[Given information]
━━━━━━━━━━━━━━━━━━━━━━━━━━━━━━

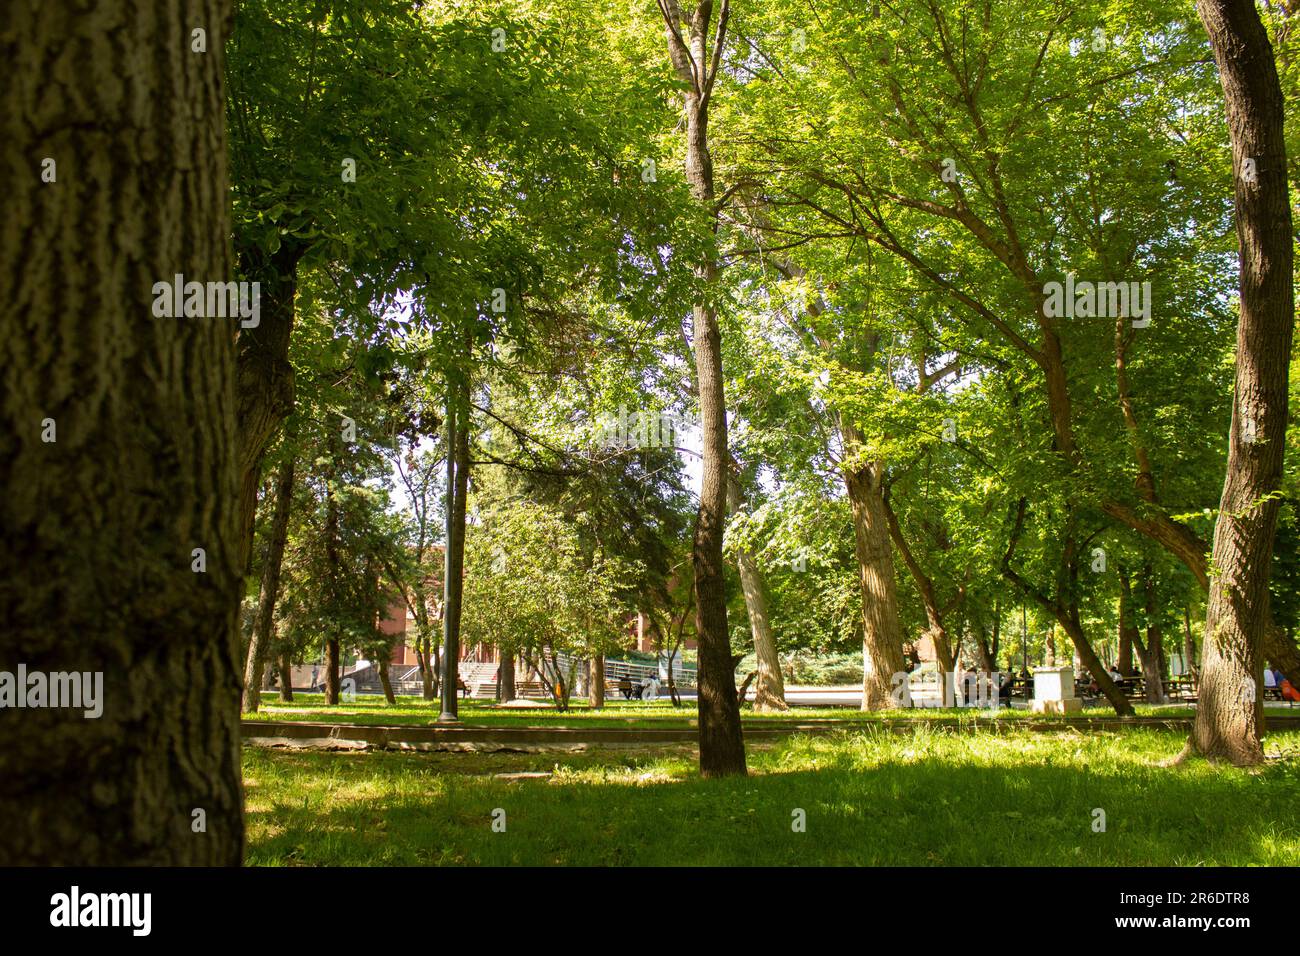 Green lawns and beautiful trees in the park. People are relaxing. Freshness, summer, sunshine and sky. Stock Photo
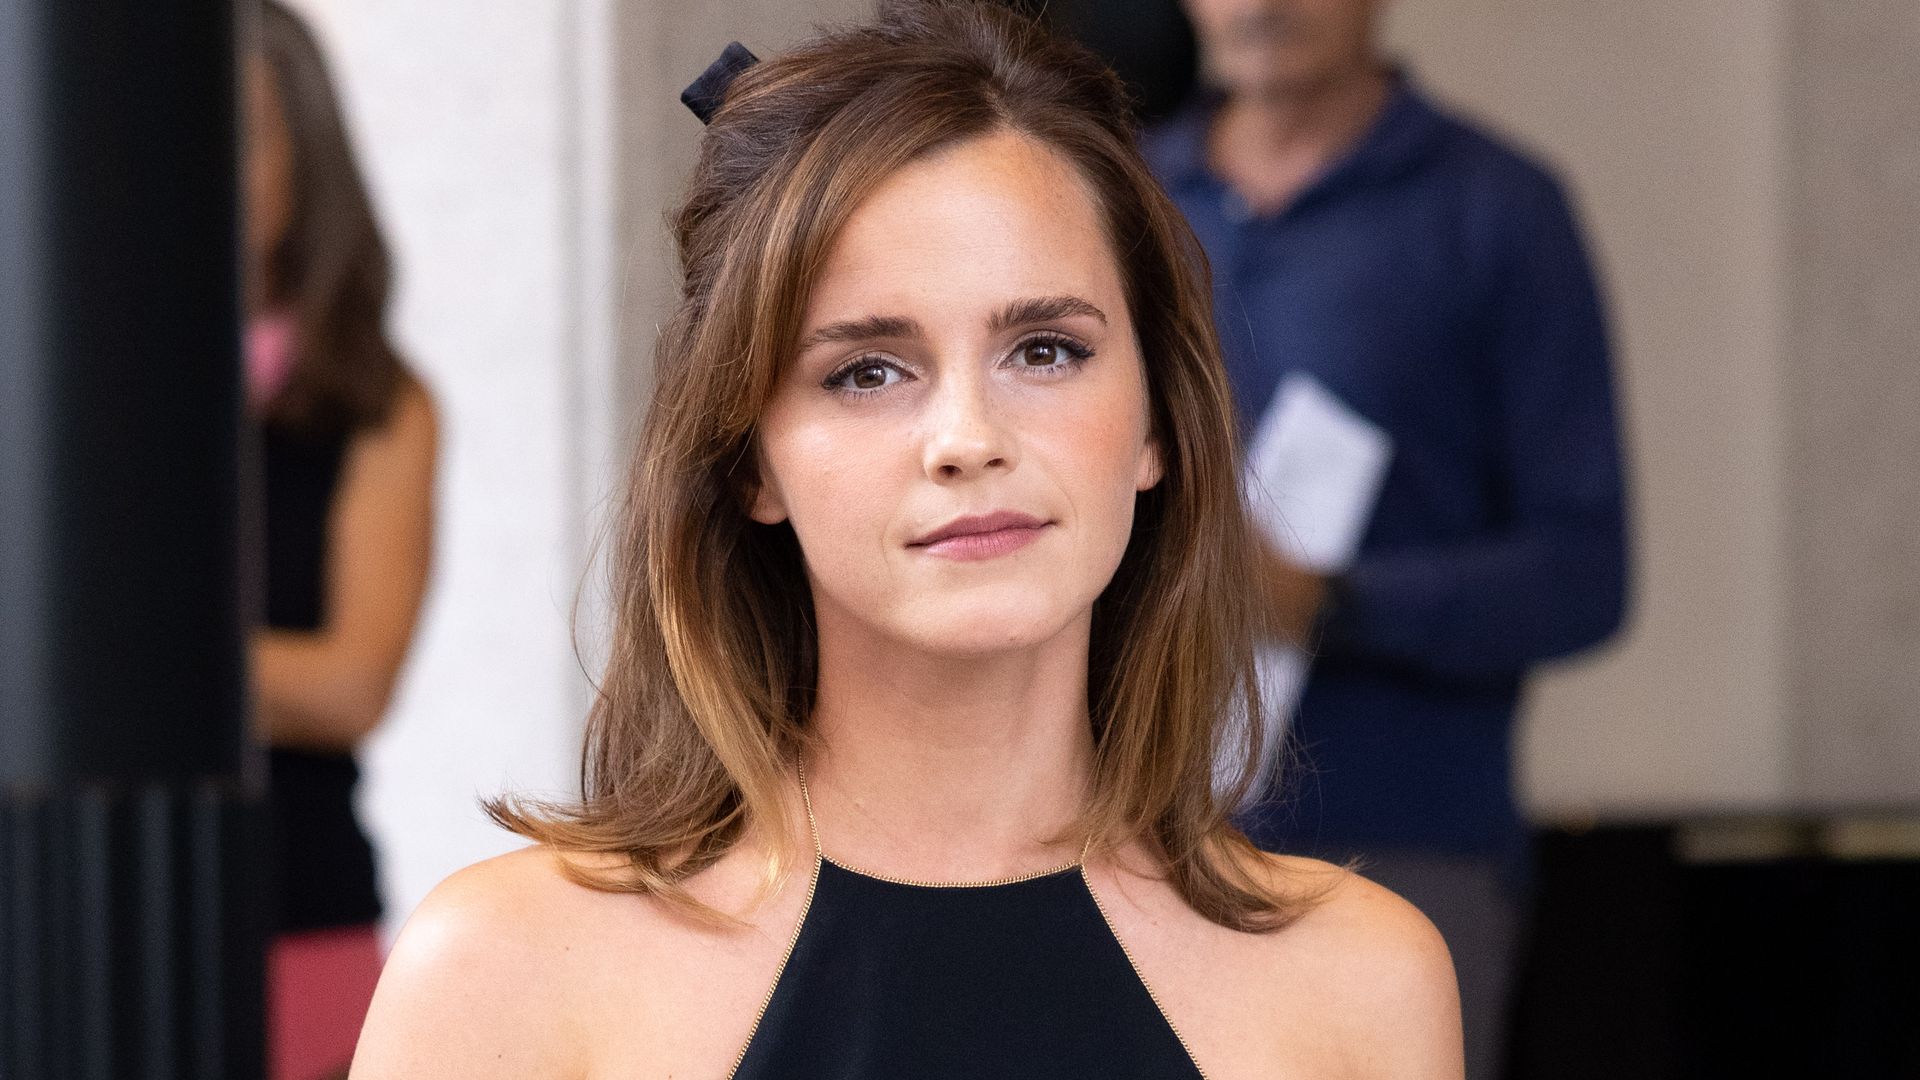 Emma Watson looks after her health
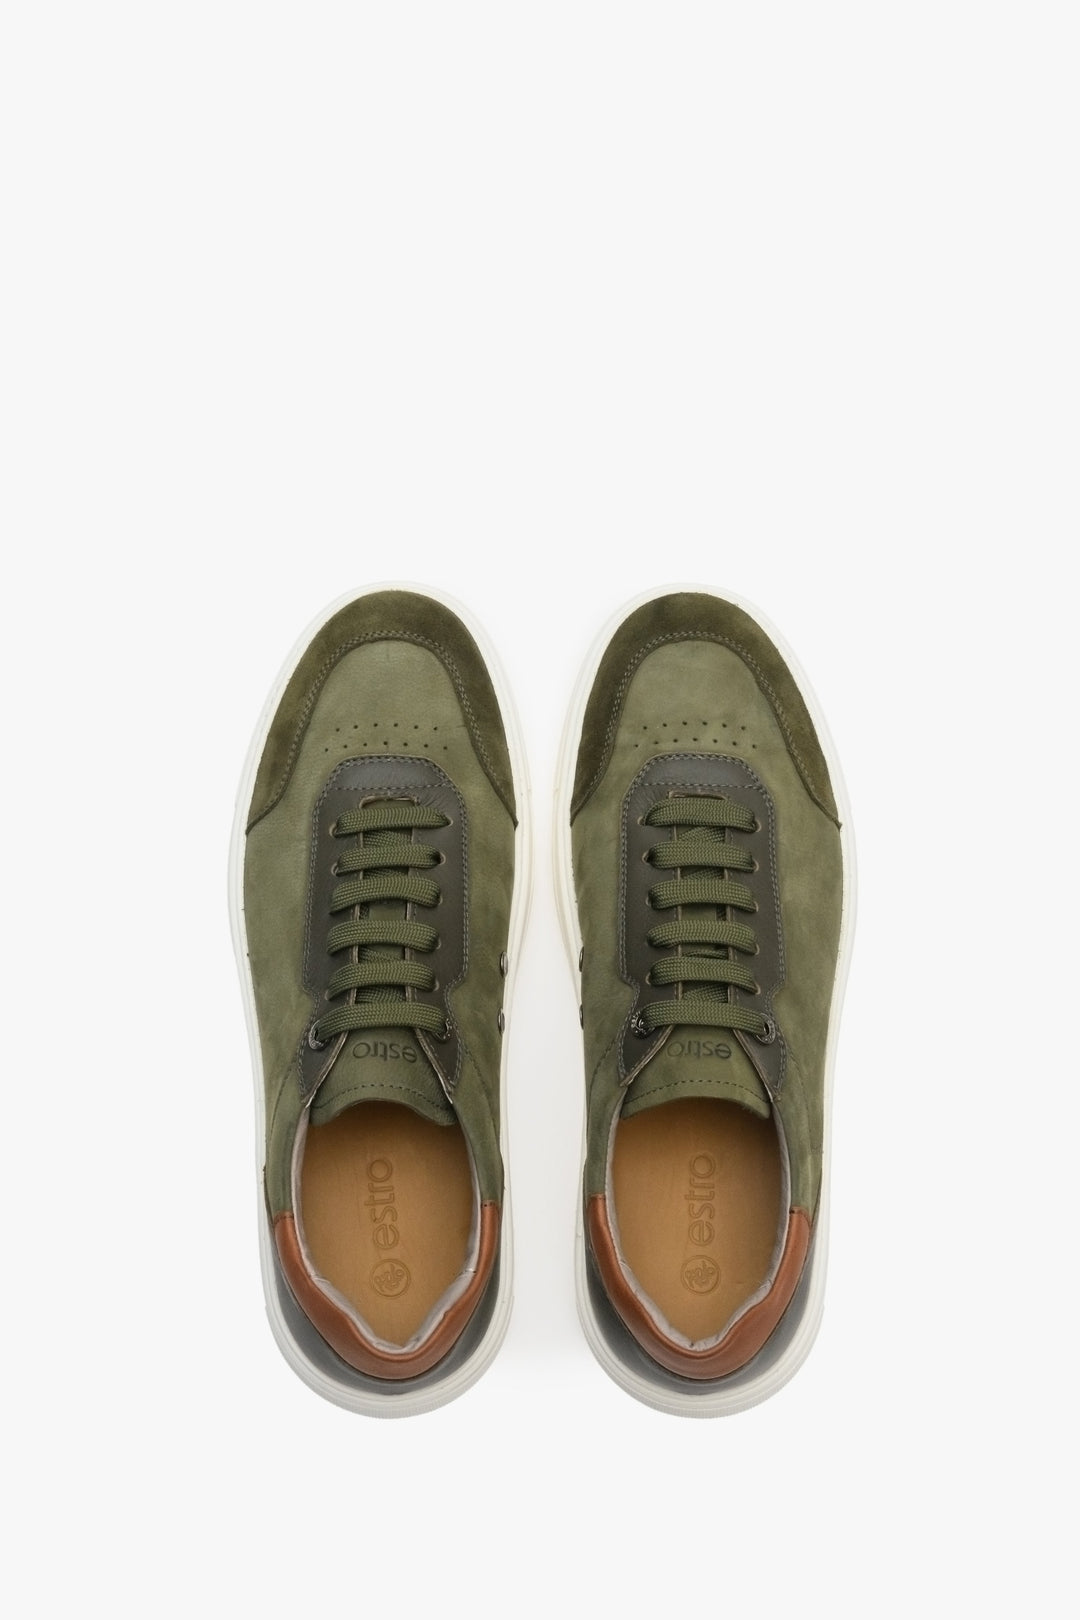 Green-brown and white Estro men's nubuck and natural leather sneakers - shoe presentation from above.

━━━━━━━━━━━━━━━━━━━━━━━━━━━━━━

From the first line of the material to the last, retype everything exactly except the images.

 Green lawns and beautiful trees in the park. People are relaxing. Freshness, summer, sunshine and sky. Stock Photo
 Emma Watson looks after her health
 Green-brown and white Estro men's nubuck and natural leather sneakers - shoe presentation from above.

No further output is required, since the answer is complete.